**Input data**
+++++
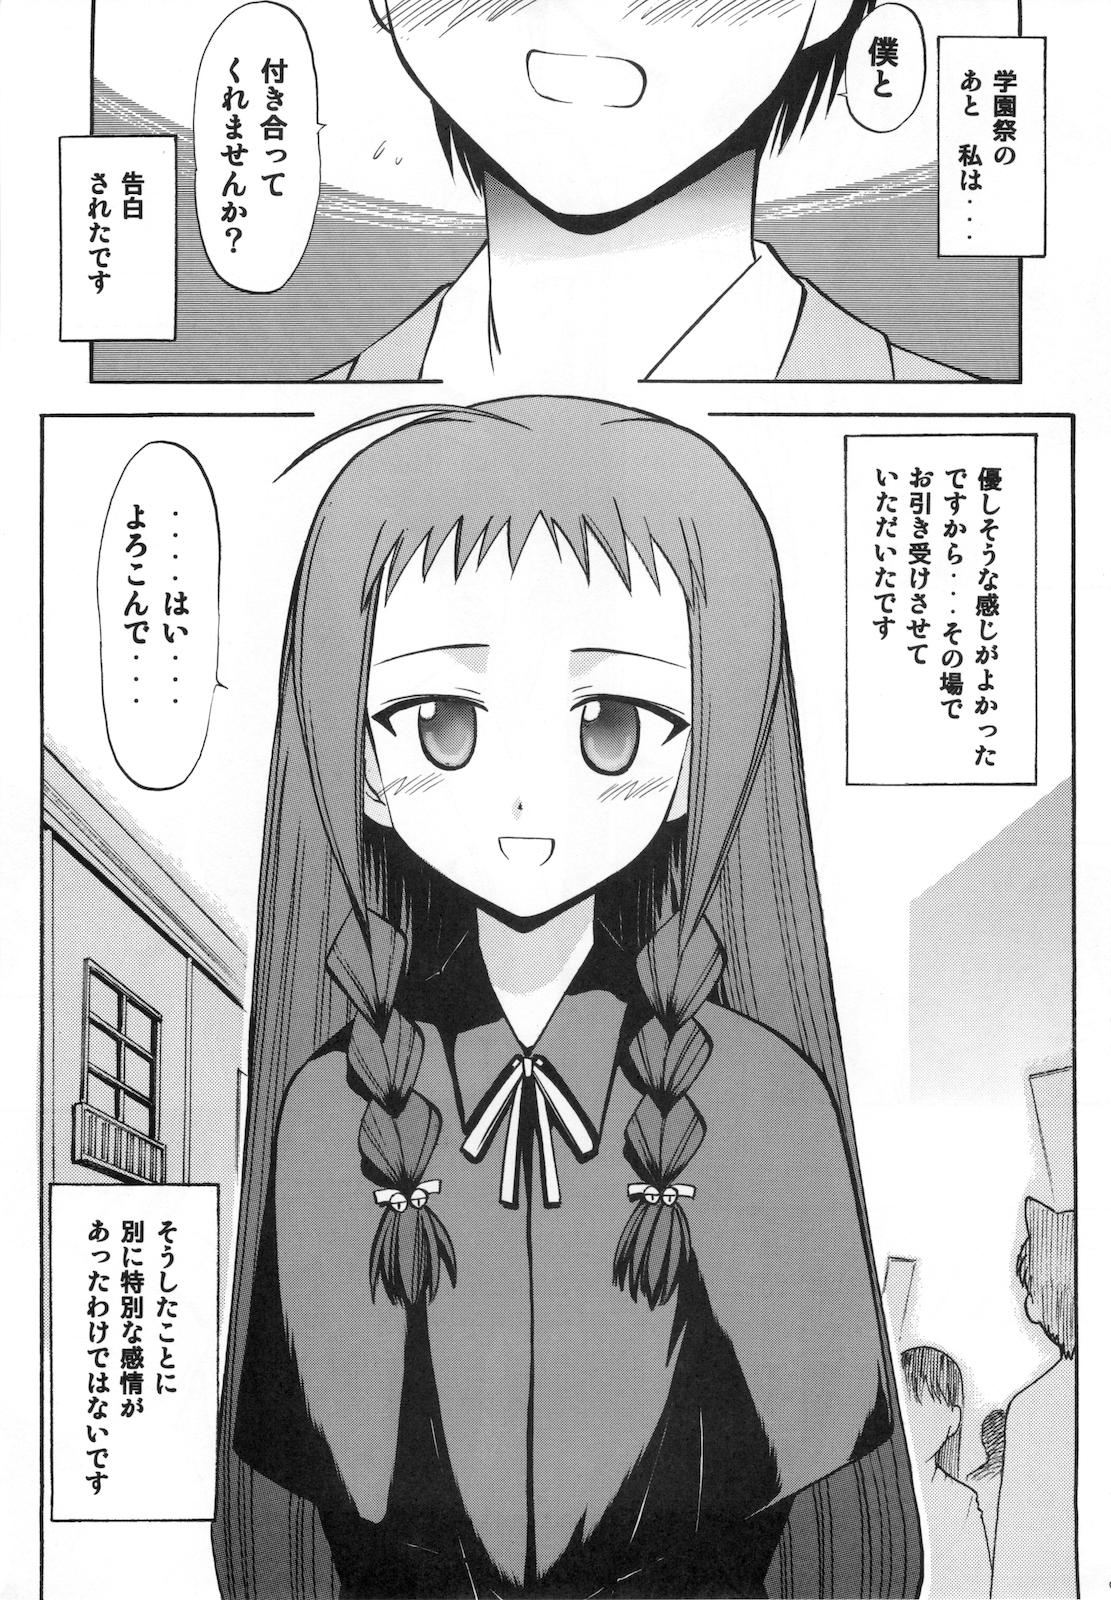 Foursome Yue no Koisuru Heart - Mahou sensei negima Novinho - Page 5
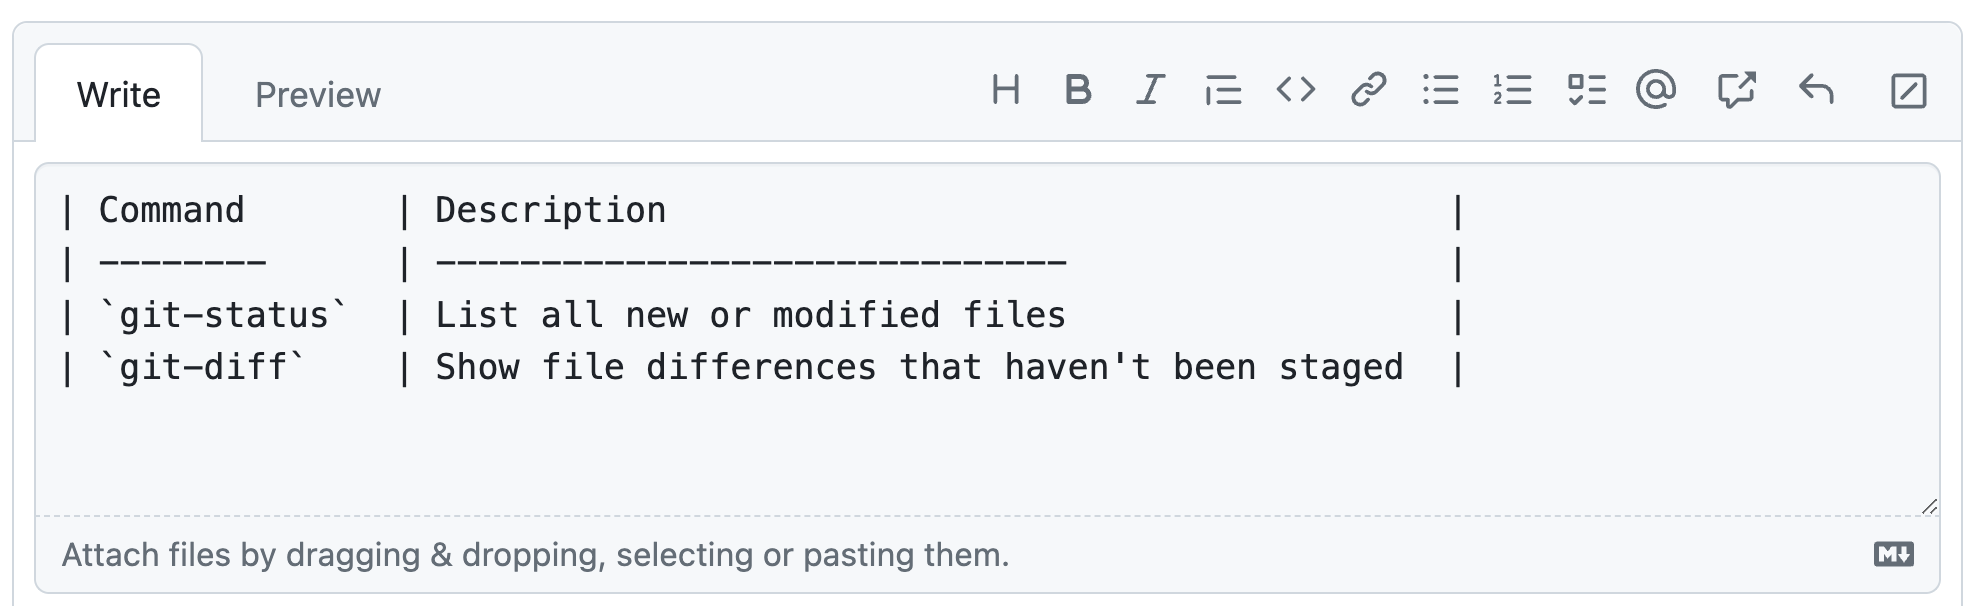 固定幅フォントを有効にした GitHub Enterprise Cloud のコメント フィールドを示すスクリーンショット
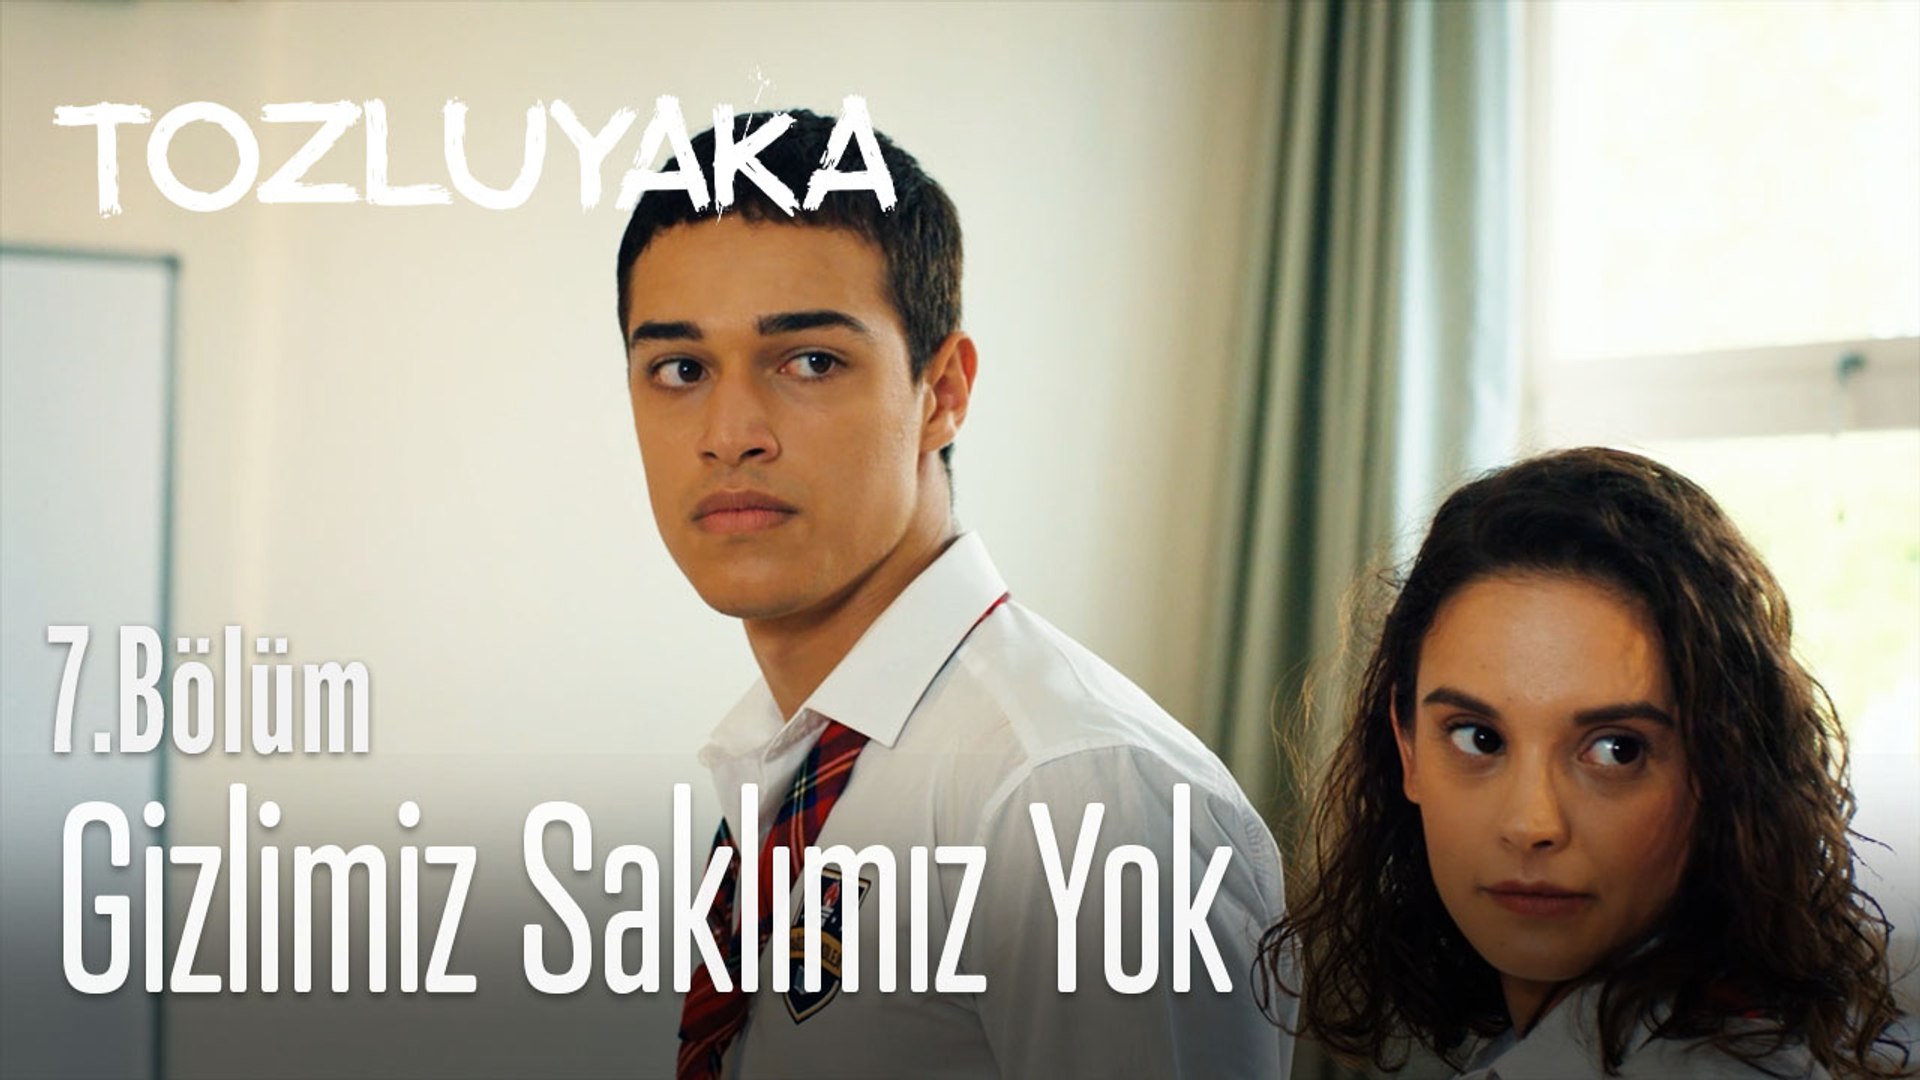 Gizlimiz saklımız yok - Tozluyaka 7. Bölüm - Dailymotion Video
+++++
**Brief**
Set down the data again, exactly, without images.

**Output below**
 Foursome Yue no Koisuru Heart - Mahou sensei negima Novinho - Page 5
 固定幅フォントを有効にした GitHub Enterprise Cloud のコメント フィールドを示すスクリーンショット
 Gizlimiz saklımız yok - Tozluyaka 7. Bölüm - Dailymotion Video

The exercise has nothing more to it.